Find the surface area of the sphere inside the cylinder

Question

The given equations are of a sphere and cylinder respectively $$x^2+y^2+z^2=400$$ $$x^2+y^2=256$$ Solving the sphere equation for $z$ yields $$z=\sqrt{400-x^2-y^2}$$ Now to find $ds$ we take the partial derivative of both $x$ and $y$, then square them to get $$f_x=\frac{x^2}{400-x^2-y^2}$$ $$f_y=\frac{y^2}{400-x^2-y^2}$$ Then take those and adding one, and getting a common denominator, we get $$\frac{20}{\sqrt{400-x^2-y^2}}$$ Then converting the above fraction to polar coordinates and taking the iterated integral $$20\int_0^{16}\int_0^{2\pi}\frac{r}{\sqrt{400-r^2}}\,d\theta\,dr$$ and I get $320\pi$ but I guess I'm incorrect because the website we are using says I'm wrong.
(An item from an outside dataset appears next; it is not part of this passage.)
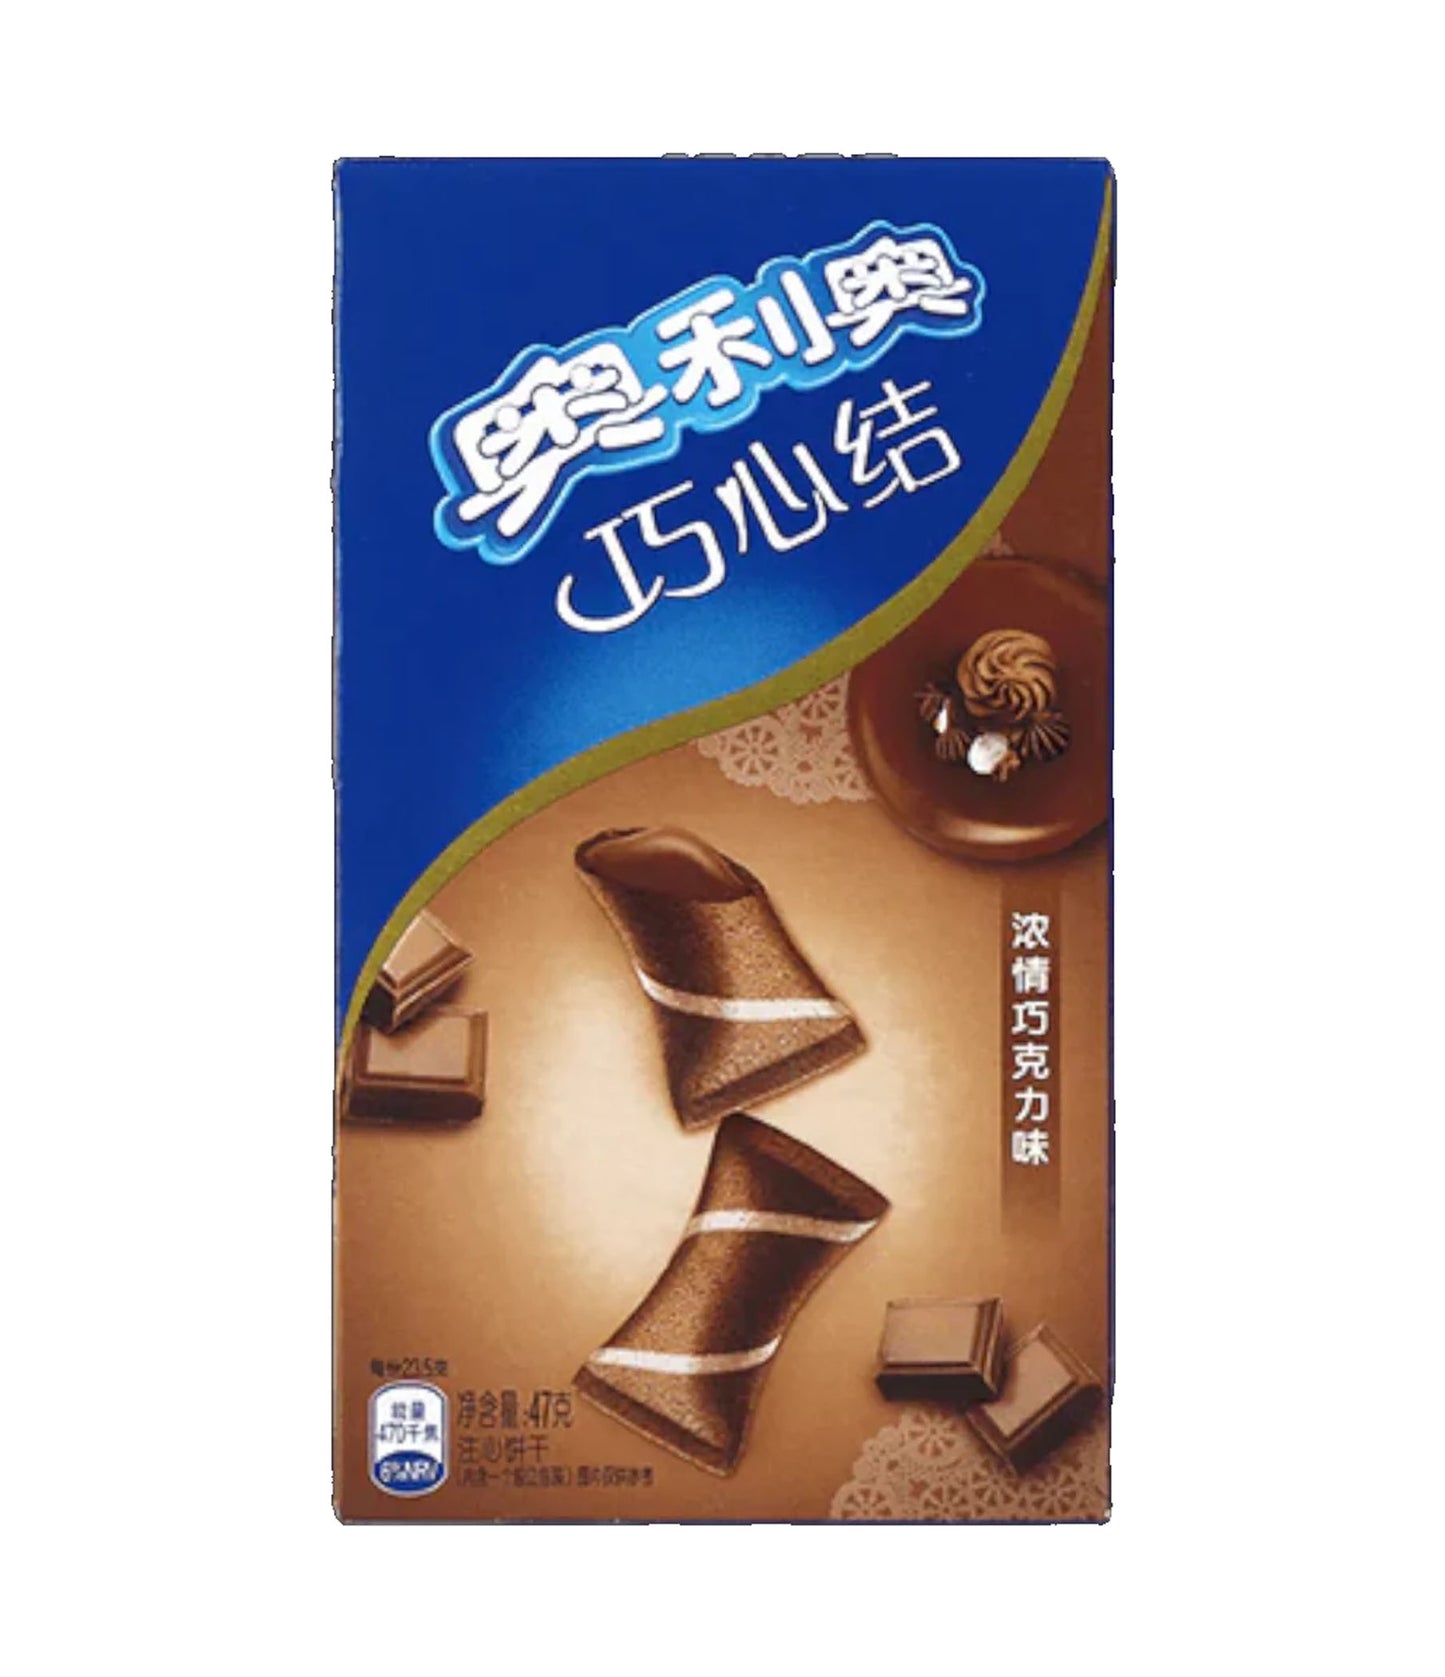 Oreo – Wafer Bites (Chocolate Flavor) 47g

So where did I go wrong?

Answer 1

The surface area inside the cylinder is

$$A=2\int_{S} \sqrt{1+ z_x^2+z_y^2}\> dx dy = 2\int_{S} \frac{20}{\sqrt{20^2 -(x^2+y^2)}}\> dx dy \\ =2\int_0^{2\pi}\int_0^{16} \frac{20}{\sqrt{20^2 -r^2}}\> rdrd\theta =640\pi $$